Chipotle just reported a 35% earnings increase in 2014. The results show just how powerful the company has become in the fast casual dining industry.
If you put $60,000 into Chipotle when it went public in 2006, you’d be a millionaire today.
The burrito giant’s stock has shot up in recent months, and climbed even higher Tuesday to a record of $725 per share. It’s a long way from its 2006 IPO, when its shares, initially prices at $22, doubled to $44 by the close of its first trading day.
You may have missed your chance to become a Chipotle millionaire, but the company’s good run looks set to continue: in fiscal year 2014 earnings announced today, with profits up by 35% over the year prior. Same-store sales rose 16.8% over the course of the year.

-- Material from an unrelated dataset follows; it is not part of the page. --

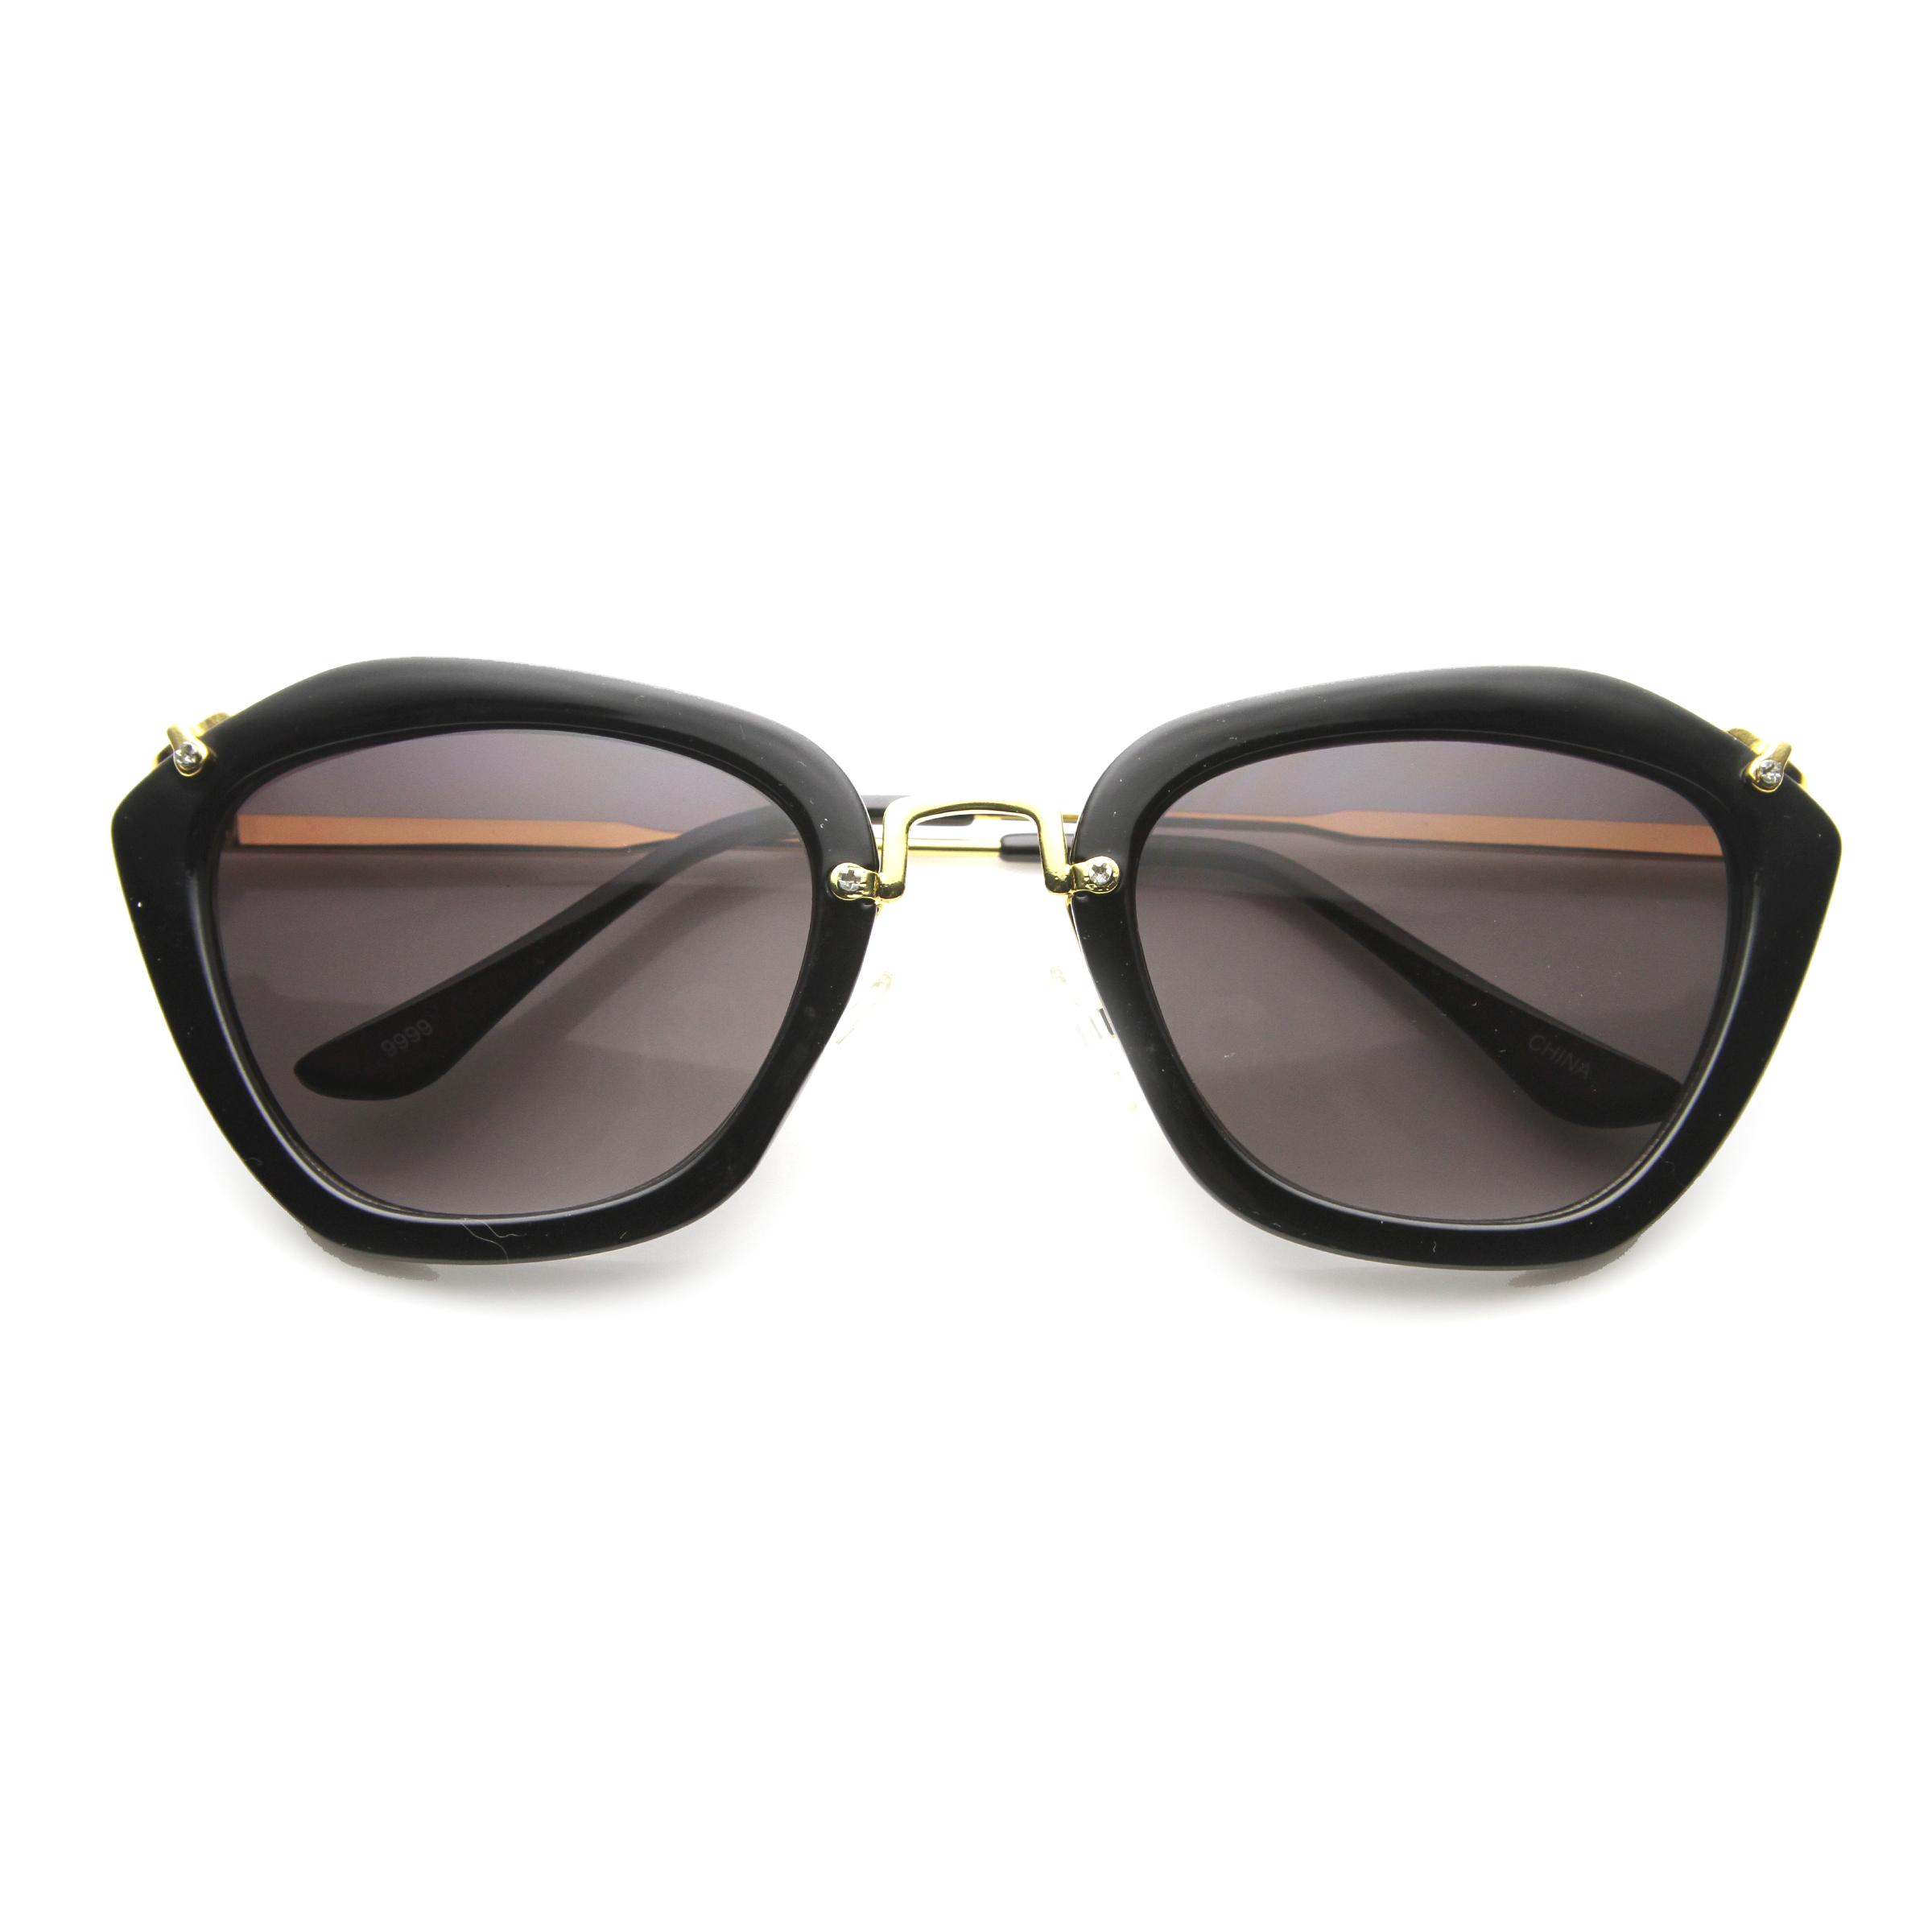 High Fashion Rounded Hexagonal Frame Metal Arm Sunglasses

Chipotle offered investors and customers more good news when it announced that while its average check increased by 8.3% last year, largely because of a menu price increase, the company had no plans for an additional price hike in 2015.
“We’re not in a hurry to raise prices,” Chipotle founder Steve Ells said on an earnings call. “We always want to be accessible and affordable. We want people to be able to come to Chipotle as often as they want, as many times a week as they want.”

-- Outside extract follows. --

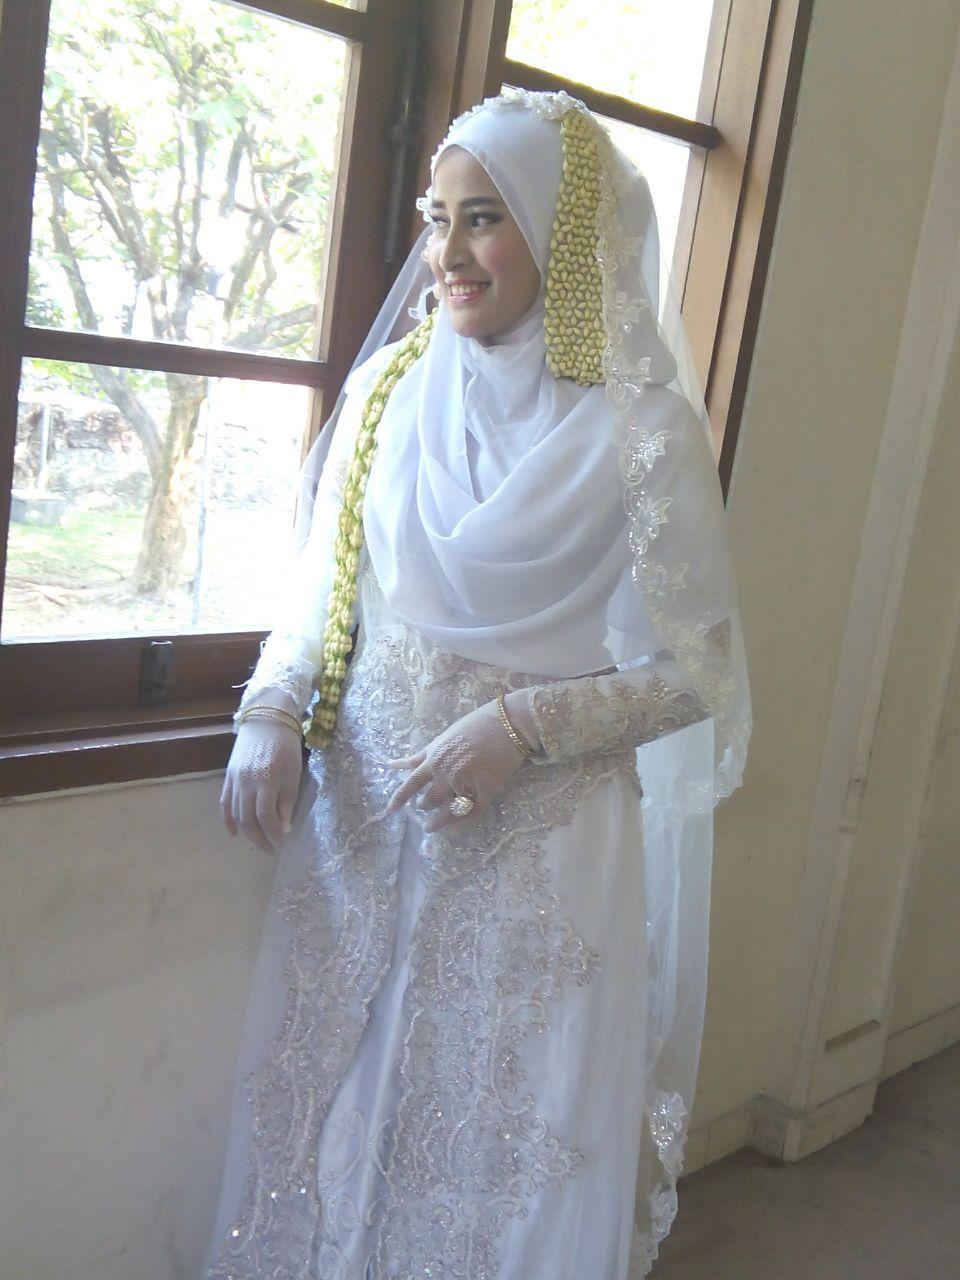 Sewa Gaun Pengantin Bandung  9: Sewa Gaun Pengantin

Ells said Chipotle’s success was due in large part to the fact that it wasn’t trying to be “all things to all people” or resort to “marketing gimmicks”, a clear jab at McDonald’s, one of its early investors, which Chipotle has recently taken shots at in the press. Ells added that Chipotle has also resonated well with teens and millennials, more than any of its competitors.

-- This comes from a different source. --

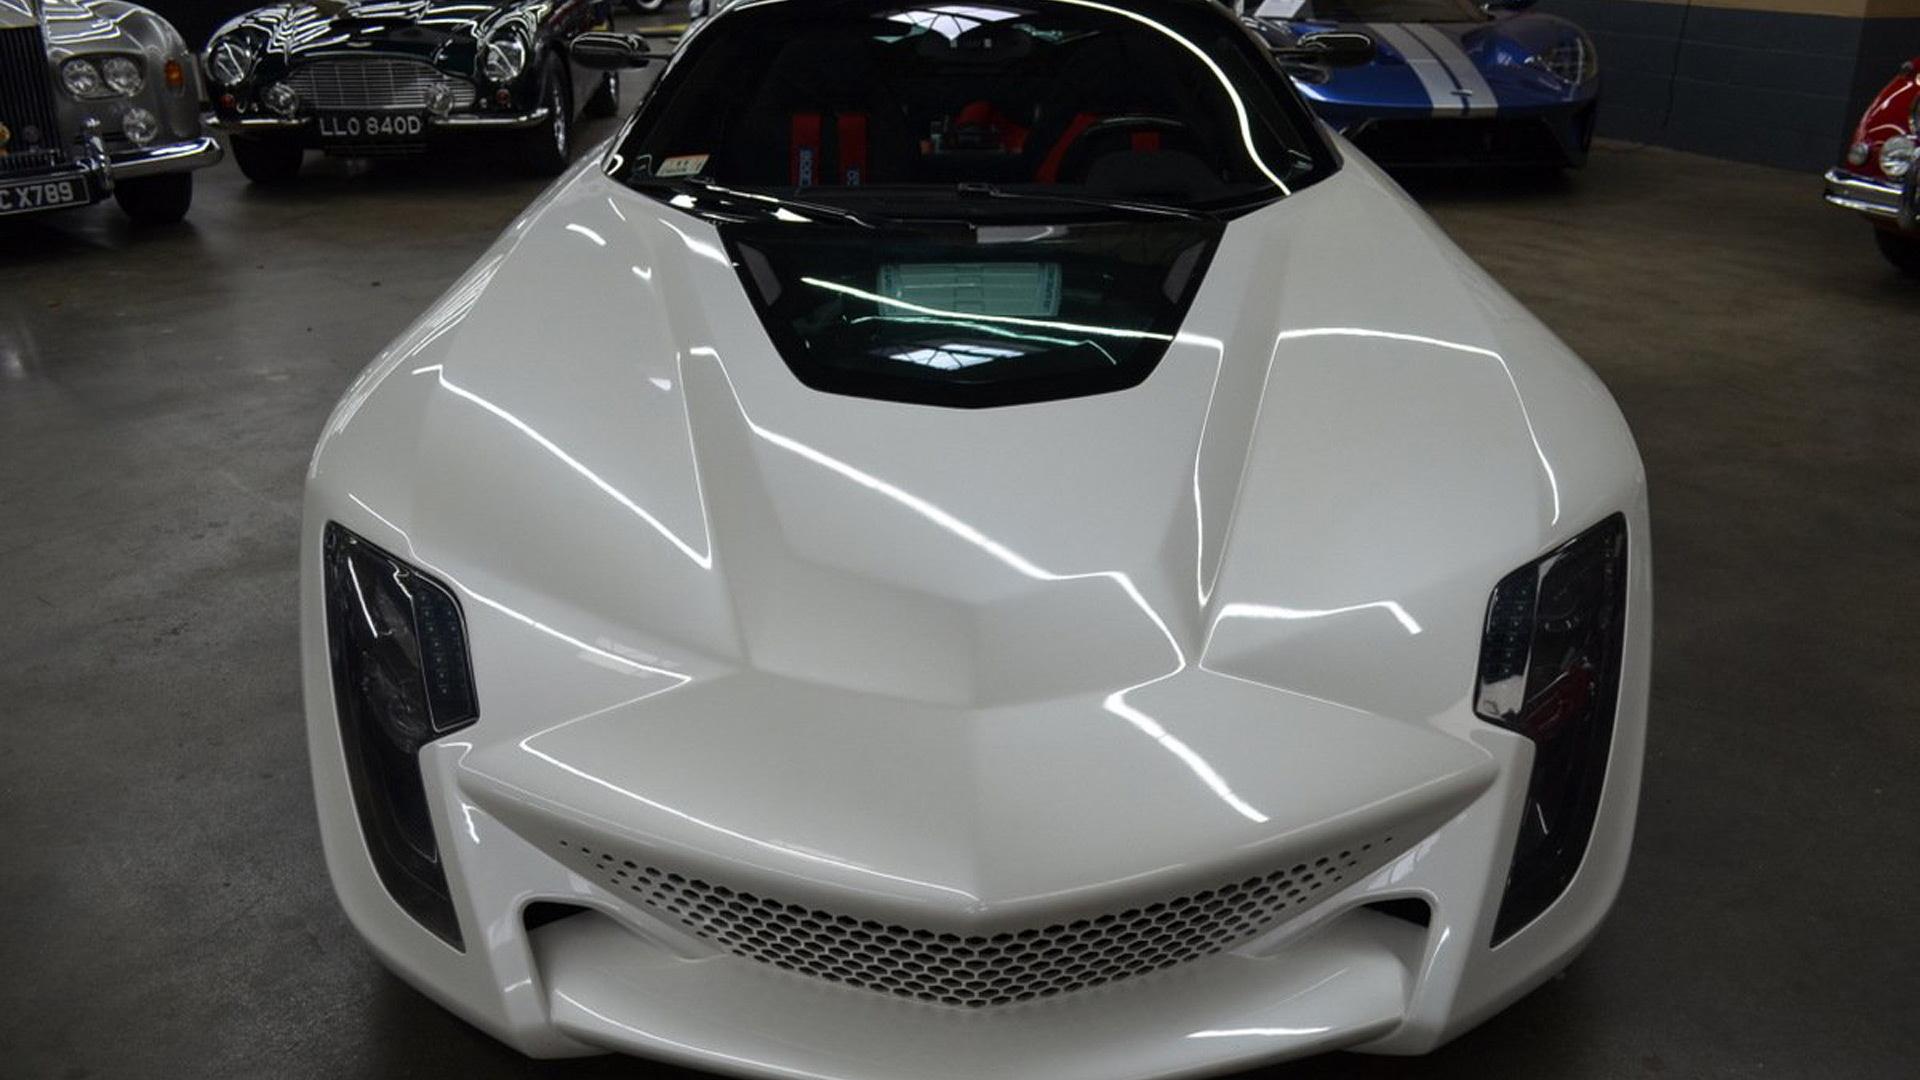 Bertone Mantide - Photo credit: Autosport Designs

“Chipotle has created the new fast food model,” Ells said. “Our vision is really resonating with teens, millennials, and Generation X.”
Ells cited industry research that he said shows that Chipotle is one of the most popular restaurant chains among teens and has been growing in popularity among the demographic.
“This report from 2014 ranks Chipotle as the third most popular brand among teens, up from number eight in 2013,” Ells said. “Gen X consumers were 33% more likely than average to choose Chipotle, with millennials Chipotle was even more popular. With customers in this group 75% more likely than average to choose Chipotle over other restaurants. We believe that our popularity among these younger consumers is tied to our vision and the growing interest in issues related to food and how it is raised.”
Chipotle executives on the call noted that the company opened 60 new restaurants in the fourth quarter alone, and a total of 192 throughout 2014. The company plans to open around 200 more this year.
“When we have a competitor open up right next to us we might see maybe a week of impact but then those customers come back,” Ells said. “We’ve never seen a competitor open up near us and take any sales away from us in a sustainable way. We have shown that you can own and operate all of your restaurants rather than franchise and still grow at a rapid rate, that you can spend more on ingredients, not less, and still serve high-quality food at reasonable prices and have industry-leading margins and returns.”